I’m sure she didn’t mean to do it, maybe she just identified as poor kinda like she identified as black. Seth


----------



## Prismseed (Sep 14, 2009)

Not her first case of fraud it seems.


----------



## AmericanStand (Jul 29, 2014)

Umm folks read carefully there isn’t a bit of evidence here that she committed any fraud with respect to welfare. 
In fact there is some that she didn’t. 
The article is woefully short on facts.


----------



## Prismseed (Sep 14, 2009)

AmericanStand said:


> Umm folks read carefully there isn’t a bit of evidence here that she committed any fraud with respect to welfare.
> In fact there is some that she didn’t.
> The article is woefully short on facts.

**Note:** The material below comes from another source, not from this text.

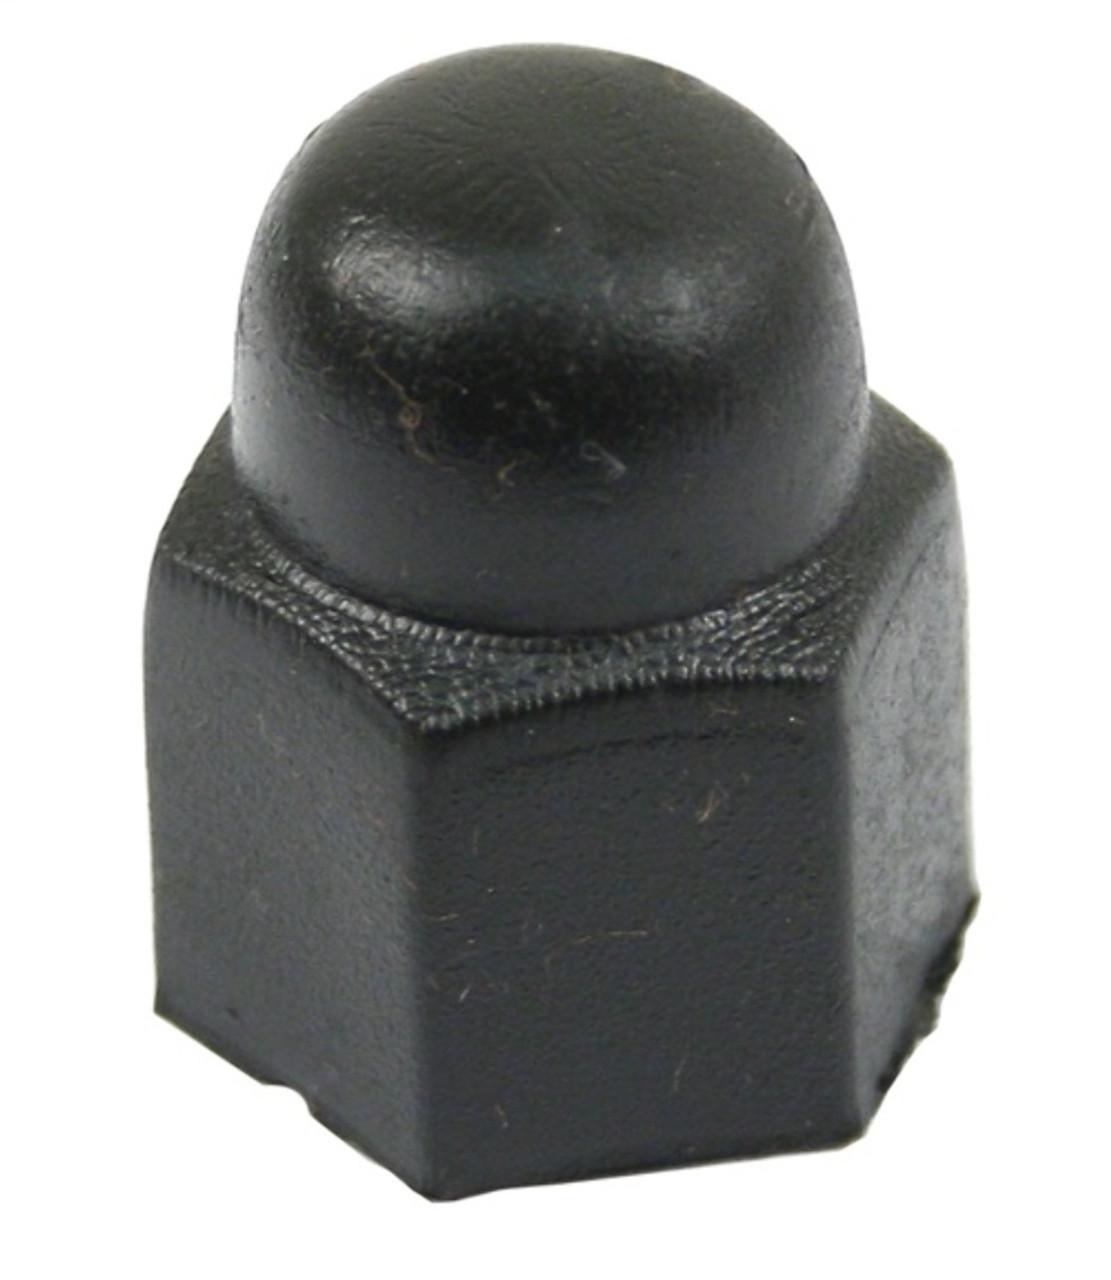 111 601 173 Cap, (Black) Wheel Bolt, VW Type 1 1973-79, Each - EMPI 98-6113-B

You could be right, but $84k over two years is a rather sizable sum. I would be interested to see where that money came from, for what, and where it went.

-Maybe- she donated it. Donations are deducted from taxable income, is it removed from reported income to?

A little more info, but mostly recounting her getting outted for fake black.
https://www.nytimes.com/2018/05/25/us/rachel-dolezal-welfare-fraud.html


----------



## Bearfootfarm (Jul 13, 2006)

AmericanStand said:


> Umm folks read carefully *there isn’t a bit of evidence* here that she committed any fraud with respect to welfare.


She didn't report her income as required, and she took the welfare money.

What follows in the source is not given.